Asian Flush (Not a Typo)

Ever heard of Asian flush? Well, if you’re not Asian, you might think it’s the latest card game out of Vegas—but you’d lose. Nor is Asian flush a typo for Asian flu, and it has nothing to do with bathrooms. It’s a hereditary condition affecting about 40% of people of Asian descent, in which alcohol consumption, even in small quantities, leads to facial flushing, headache, nausea, and rapid or irregular heartbeat.

The cause of this unfortunate condition is a mutation in the gene that codes for aldehyde dehydrogenase-2 (ALDH2), the enzyme that converts acetaldehyde to acetic acid. With an inactive form of this enzyme, the people affected suffer a rapid buildup of acetaldehyde to toxic levels—which is why the disorder is also called severe acetaldehydemia. Although it may seem that Asian flush is just a hangover, it’s really not, because the problem can be caused by very small amounts of alcohol.
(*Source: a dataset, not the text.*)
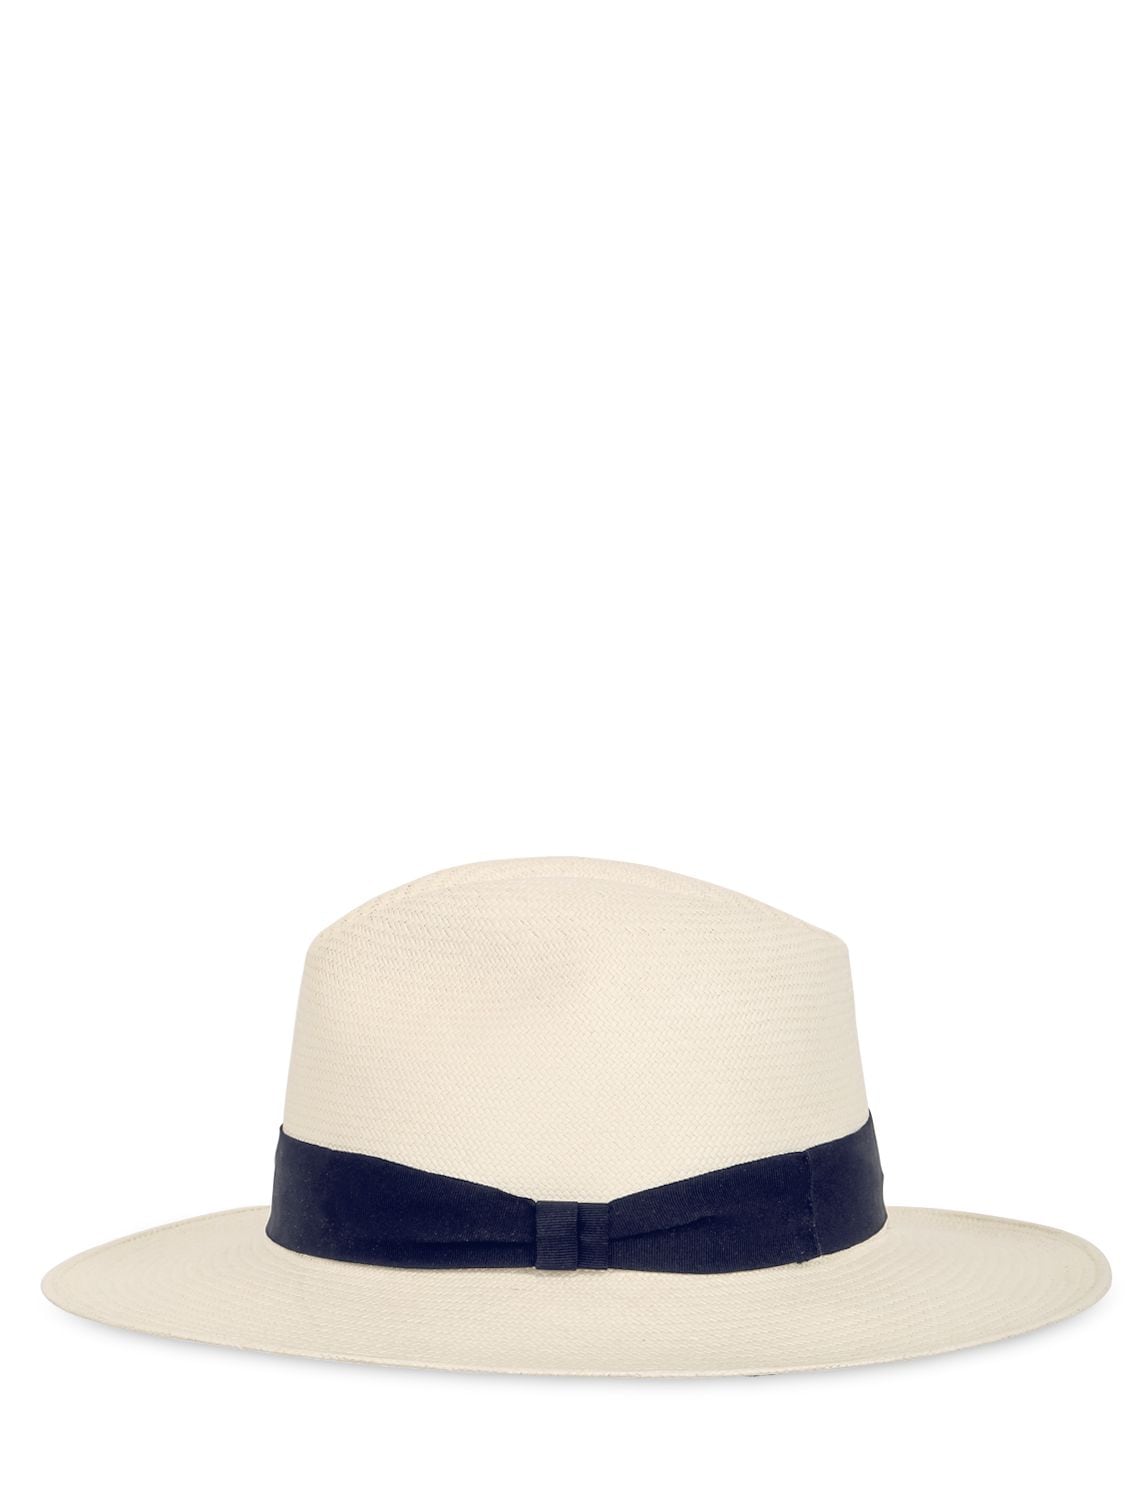 Shop Frescobol Carioca Ecuadorian Panama Straw Hat In White,navy
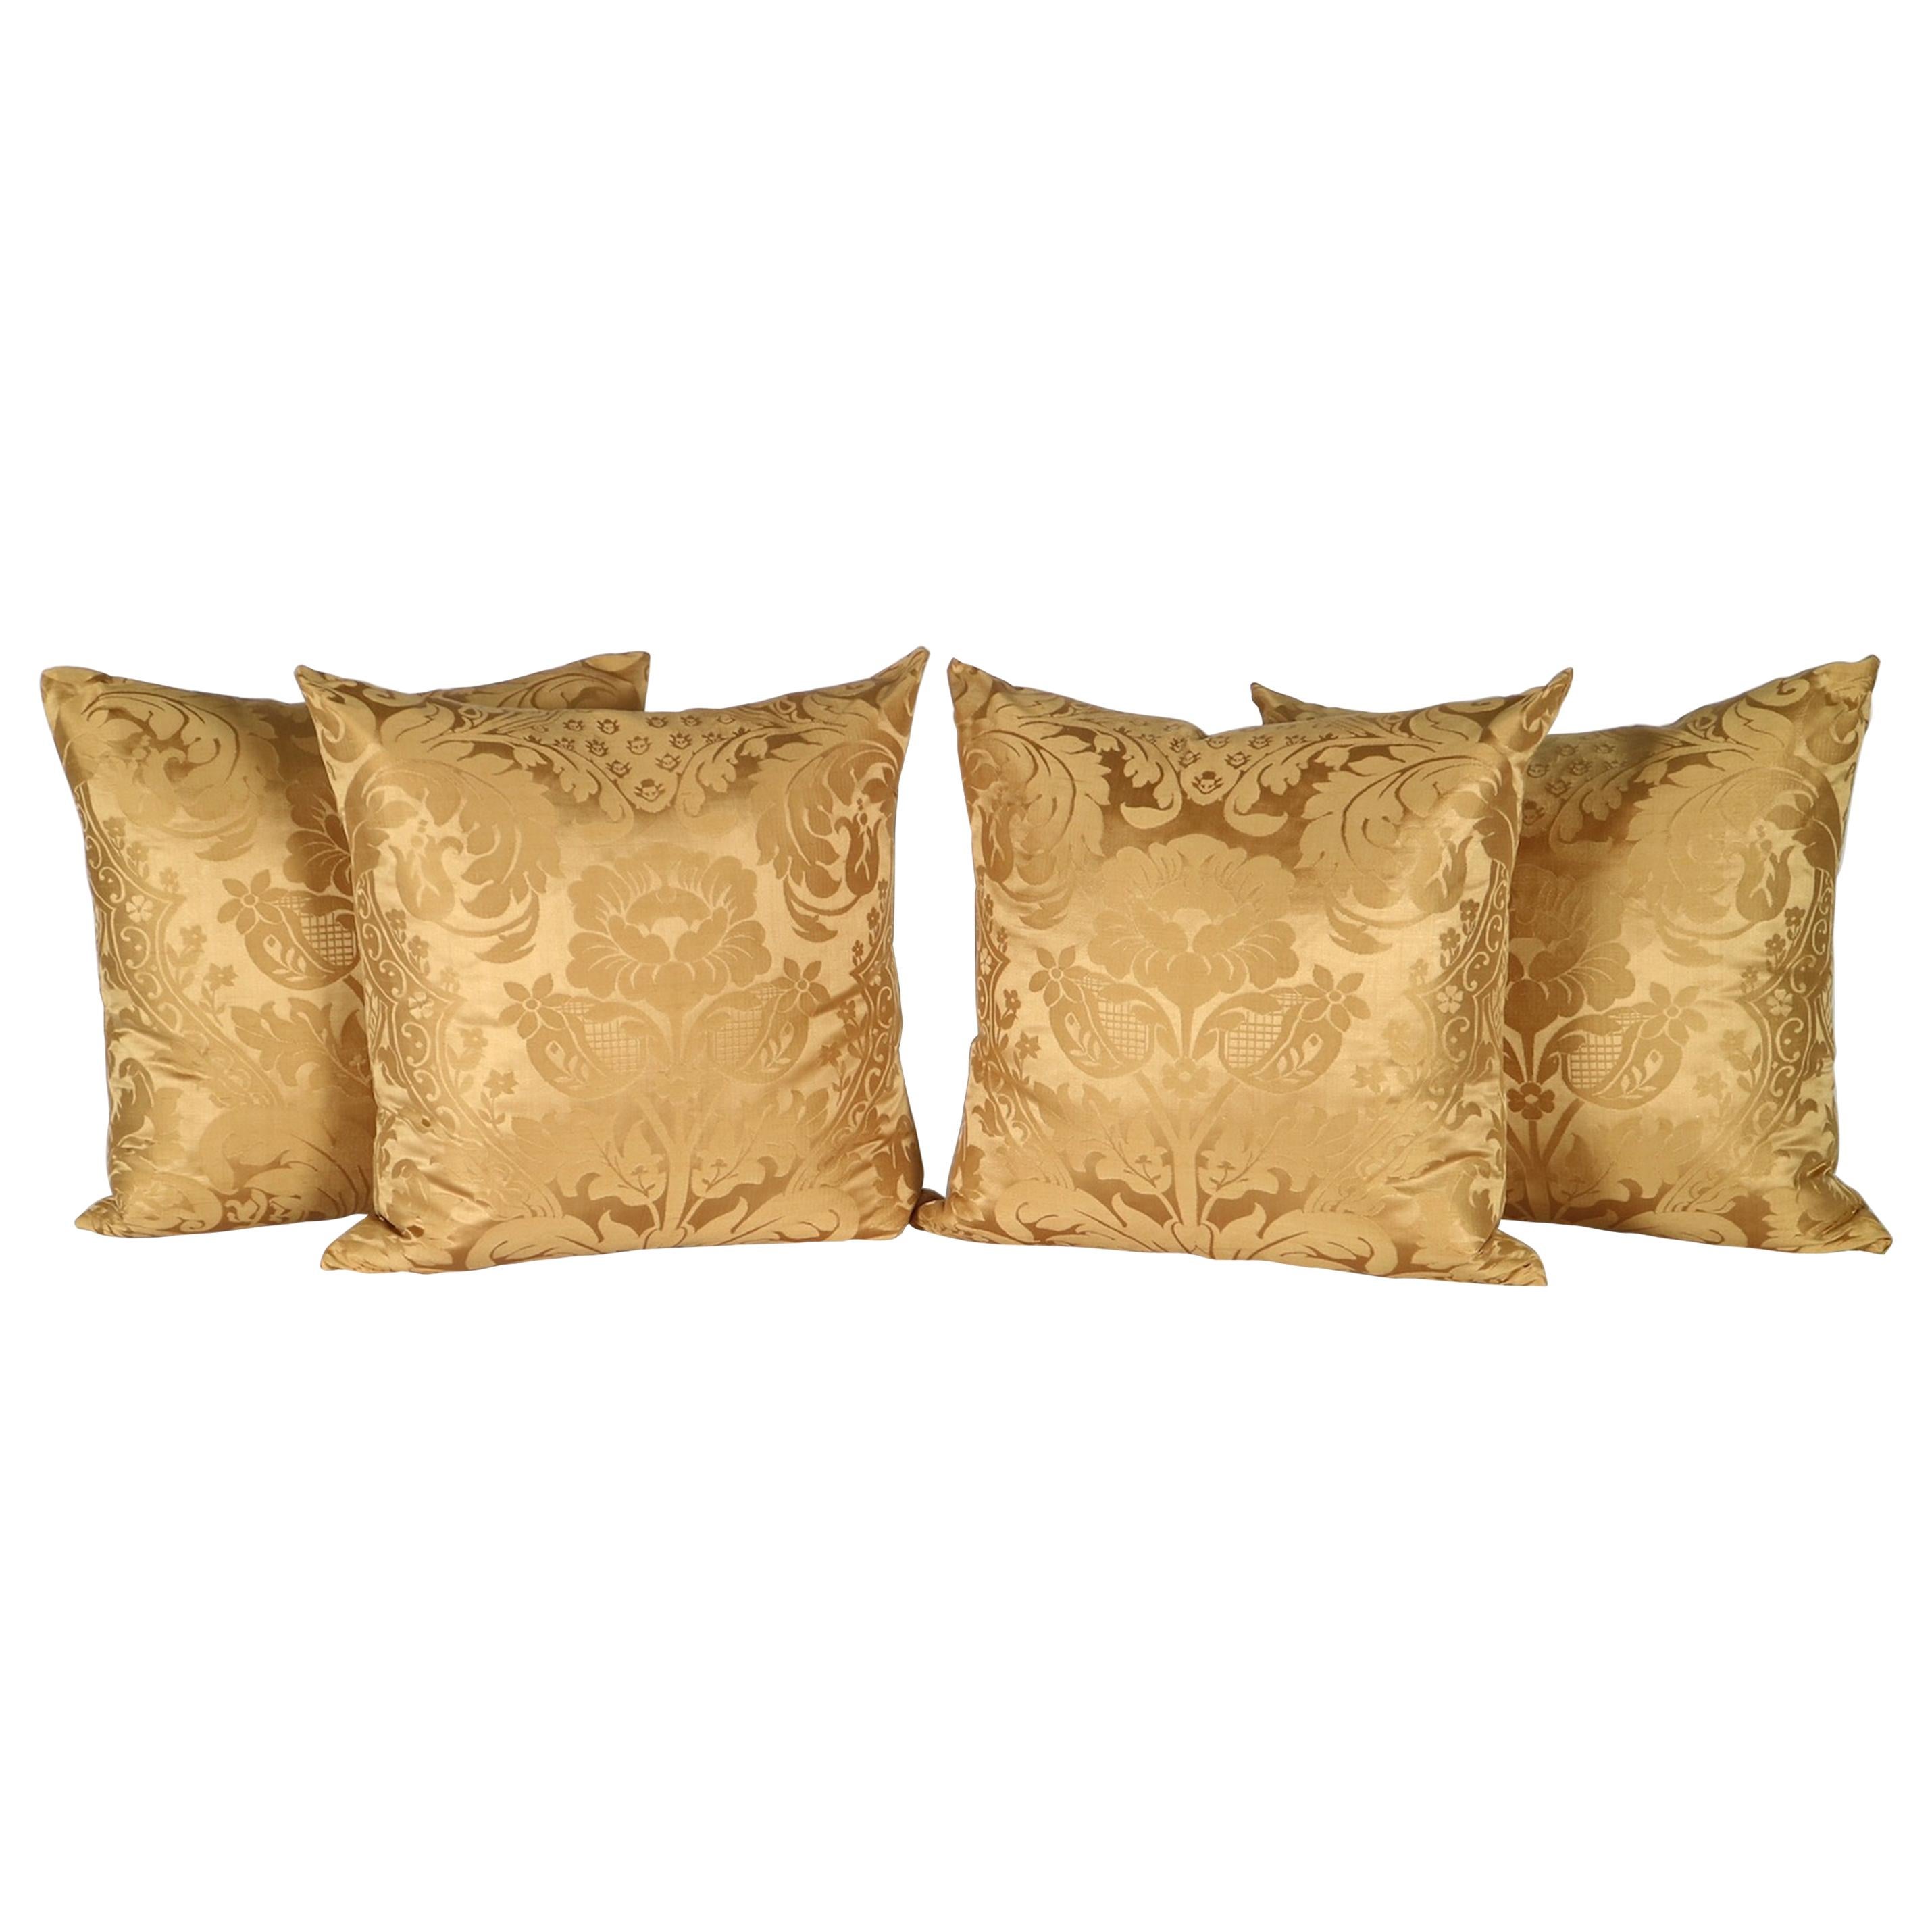 Antique Pillows in Golden Silk Damask

Currently there is no realistic prospect for treating this genetic disorder except perhaps through gene therapy. One pharmaceutical company, however, has used the knowledge gained from Asian flush in a practical way by creating the drug disulfiram, more commonly known as Antabuse®. What Antabuse does is inhibit the action of ALDH2, thereby strongly “encouraging” alcoholics not to drink.

Edward R. Rosick, D.O., is an attending physician and clinical asst. prof. of medicine at Pennsylvania State University, where he specializes in preventive and alternative medicine. He also holds a master’s degree in healthcare administration.